Dendritic drainage patterns appear almost random. Moving upstream,
streams split into smaller and smaller channels, with finer and finer
spacing, and they show little preference for map orientation other than
to complete the pattern. In contrast, rectangular and other linear
drainage patterns show a distinct preference for certain orientations
in map view. In this scene, the two major preferred orientations are
rotated slightly clockwise of north-south and east-west.
Linear drainage patterns usually match the cracking patterns that
can occur in relatively hard rocks, including igneous rocks such as
granite and basalt. Stream erosion typically follows such lines of
weakness in these hard rocks. Meanwhile, the randomness of dendritic
patterns indicates that no such cracks nor any other geologic structure
controls the erosion where that pattern occurs.
Given the above, the topographic pattern in this scene appears to
tell us the following about the geology of this location. The lowlands
are composed of poorly consolidated (relatively soft) rocks or sediments
that are at least 100 meters (330 feet) thick and are "massive" (uniform,
with no prominent layering at the observed scale). The randomness of the
dendritic patterns further indicates that stream erosion is the only
significant dynamic process altering the lowland landscape. Forces such
as volcanism and tectonics are not altering these landforms.
Meanwhile, the neighboring highlands are composed of crystalline
rocks, such as granite, that are very hard (generally resistant to
erosion) and probably very old. Sometime through their history these
rocks cracked, perhaps when they cooled, perhaps under tectonic stress,
or perhaps when pressure upon them was relieved when they were unearthed
by erosion. Now at the surface, these cracks are zones of weakness as
these hard rocks otherwise resist stream erosion.

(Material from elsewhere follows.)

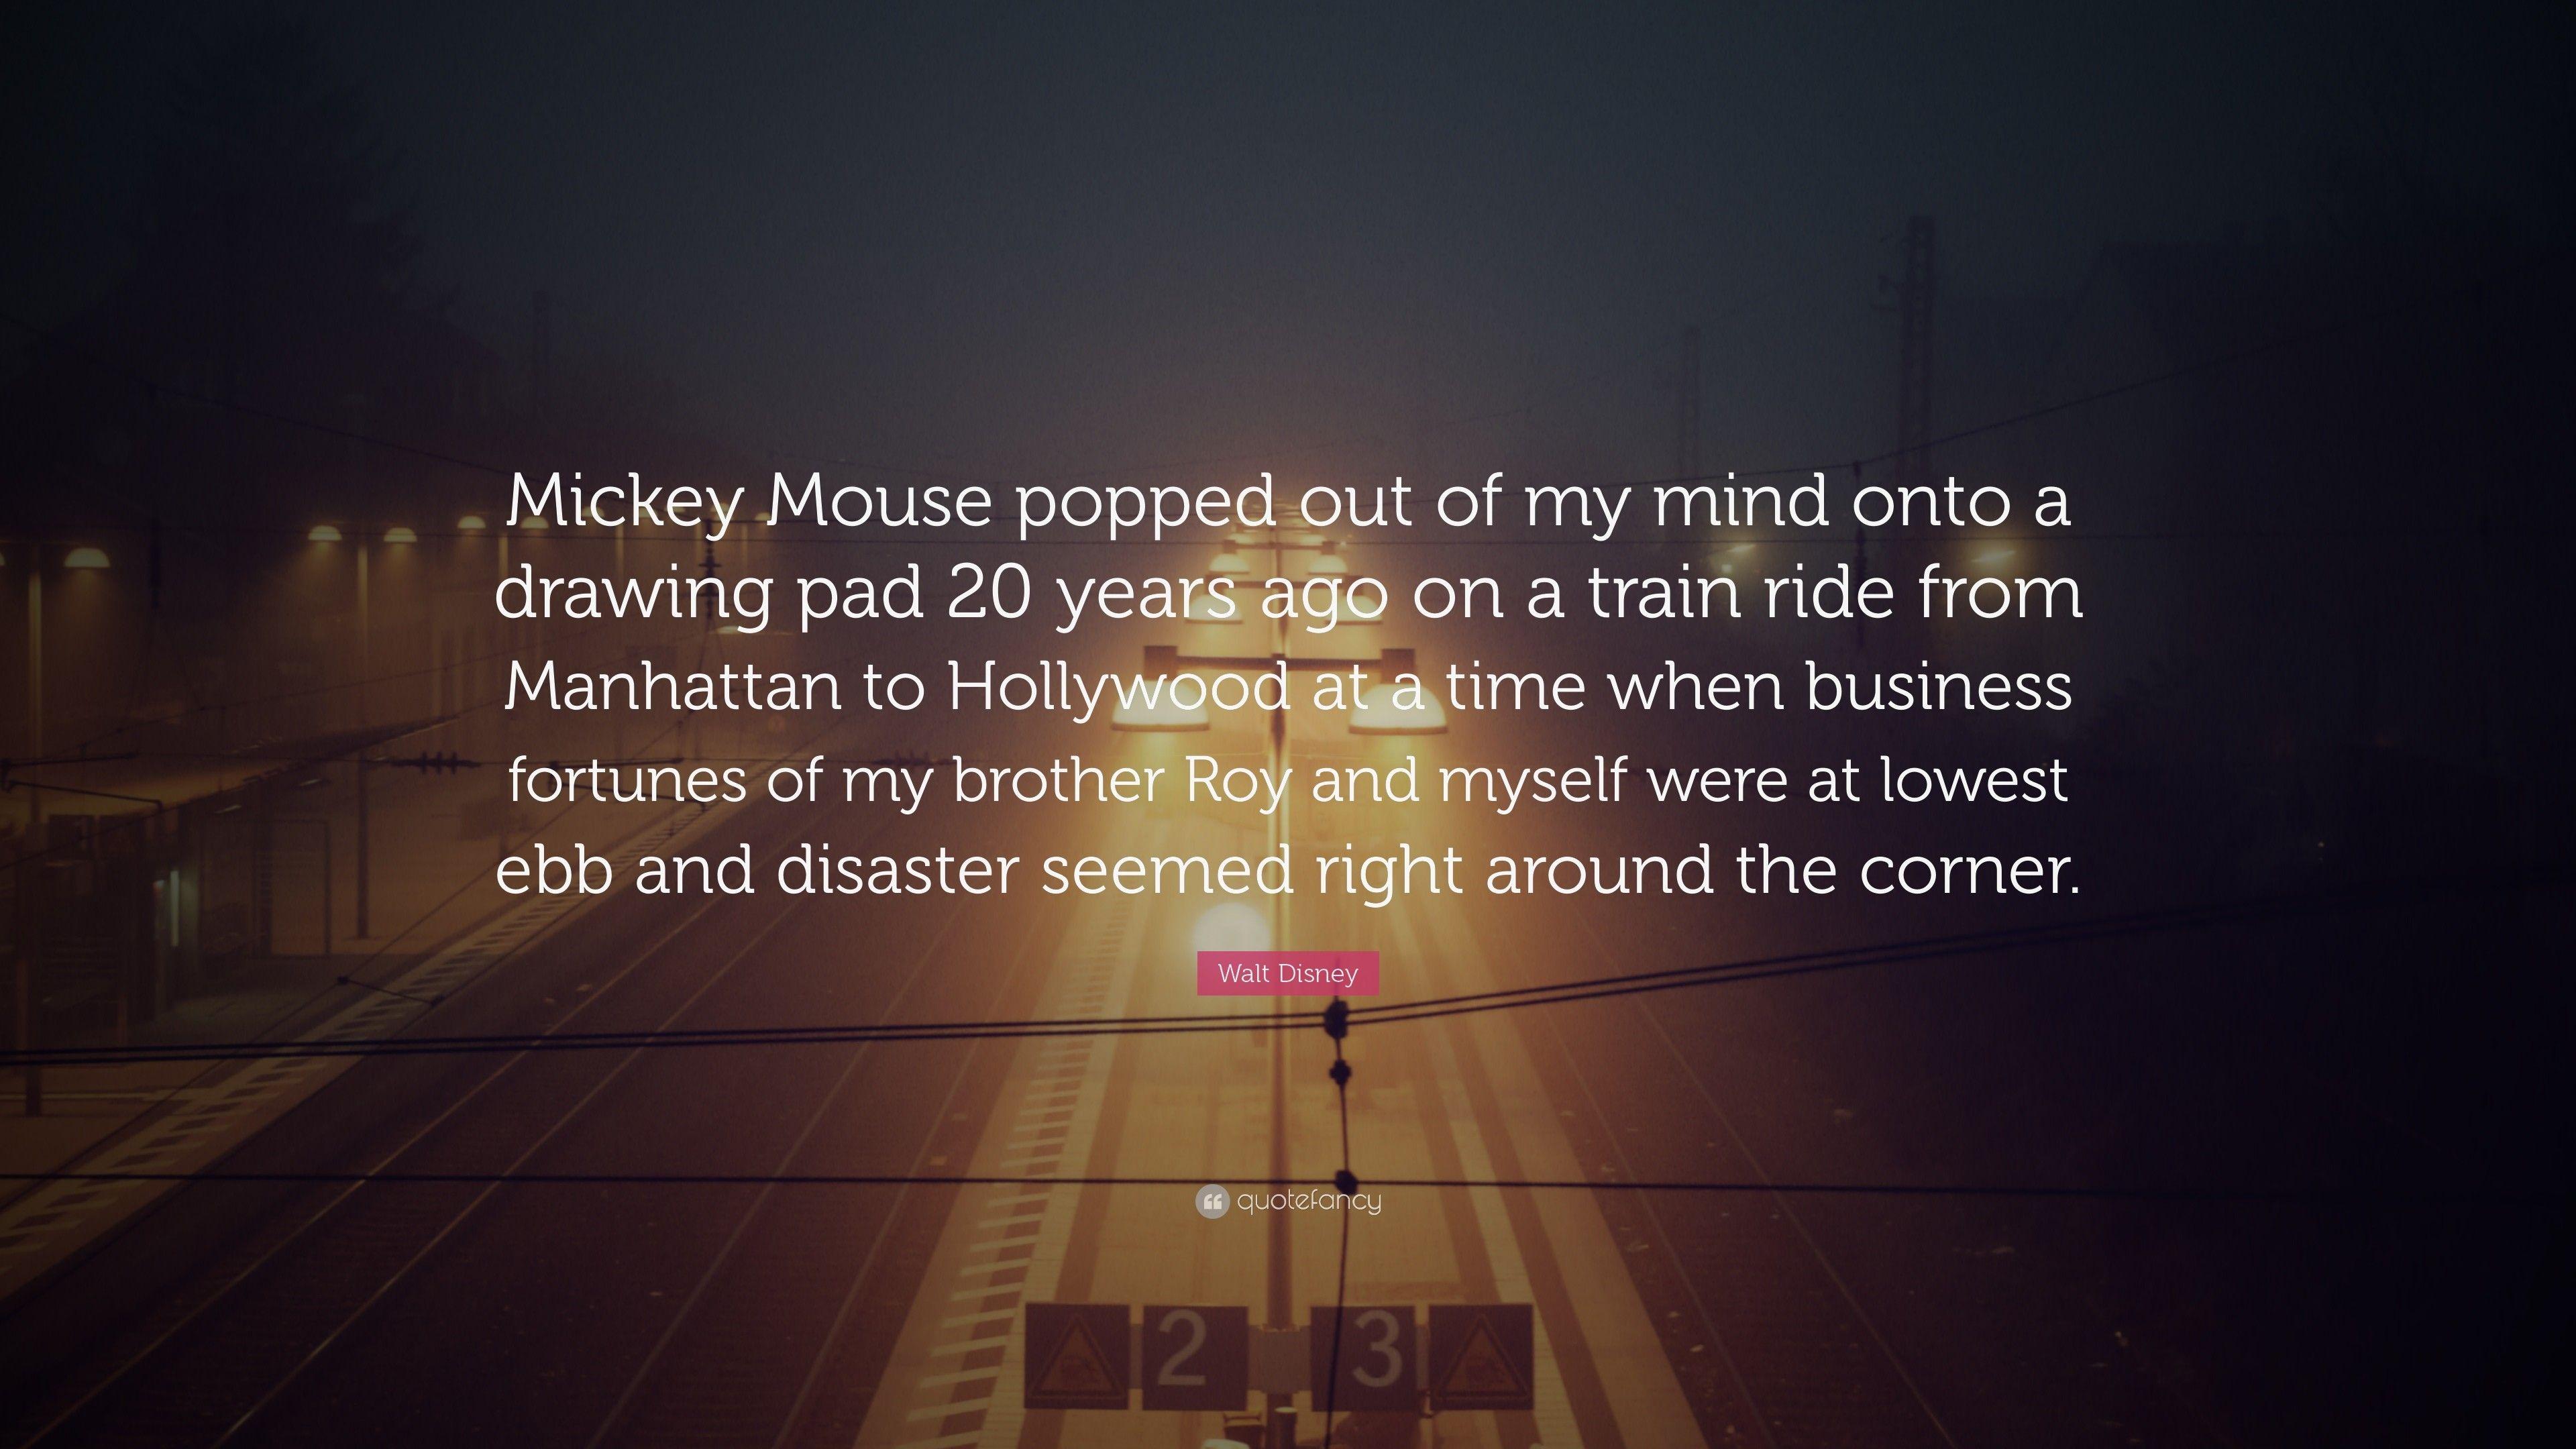 Inspirational Walt Disney Quote Wallpapers On Wallpaperdog
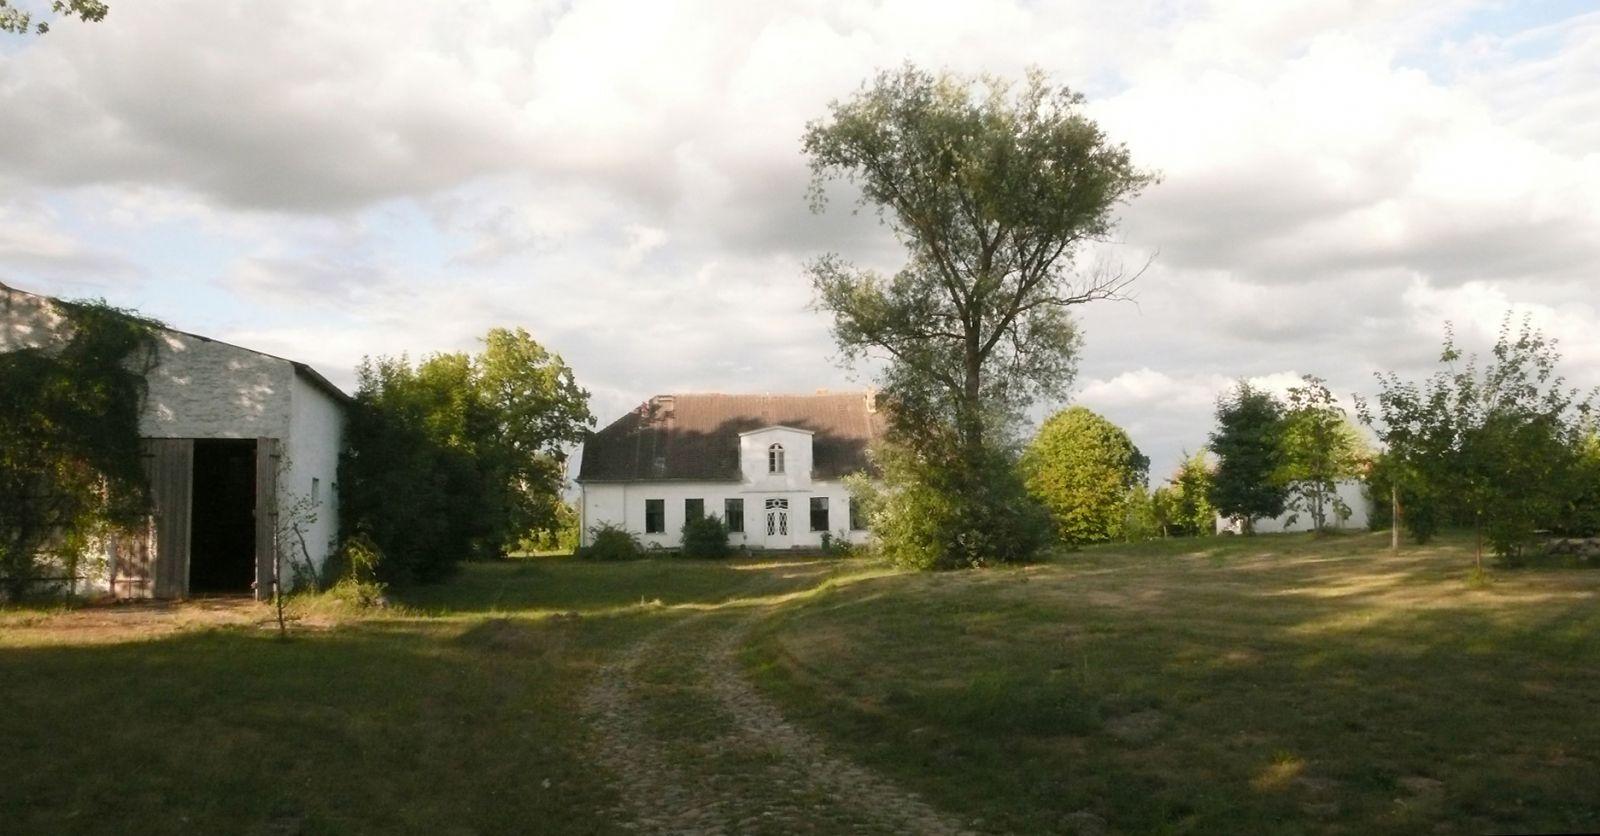 Colour photo of the Nossendorf estate

But while the topographic data gives clues, it does not always provide
definitive answers. Are the lowlands made up of soft sediments washed in
from elsewhere or are they simply rocks "softened" by weathering
(disintegration into sand) in place over time. If the latter, might
they in fact have been granite also? The two patterns interfinger
geographically, suggesting that the rugged highlands may be evolving
into the dendritic lowlands. Weathering products (loose sands) tend to
accumulate in place in low relief terrain because erosion there is slow
to remove them. Also, granites are typically "massive" and cracking
patterns vanish when the rocks disintegrate. The topographic data
indeed provide thought provoking evidence, but definitive answers will
require fieldwork or other additional evidence.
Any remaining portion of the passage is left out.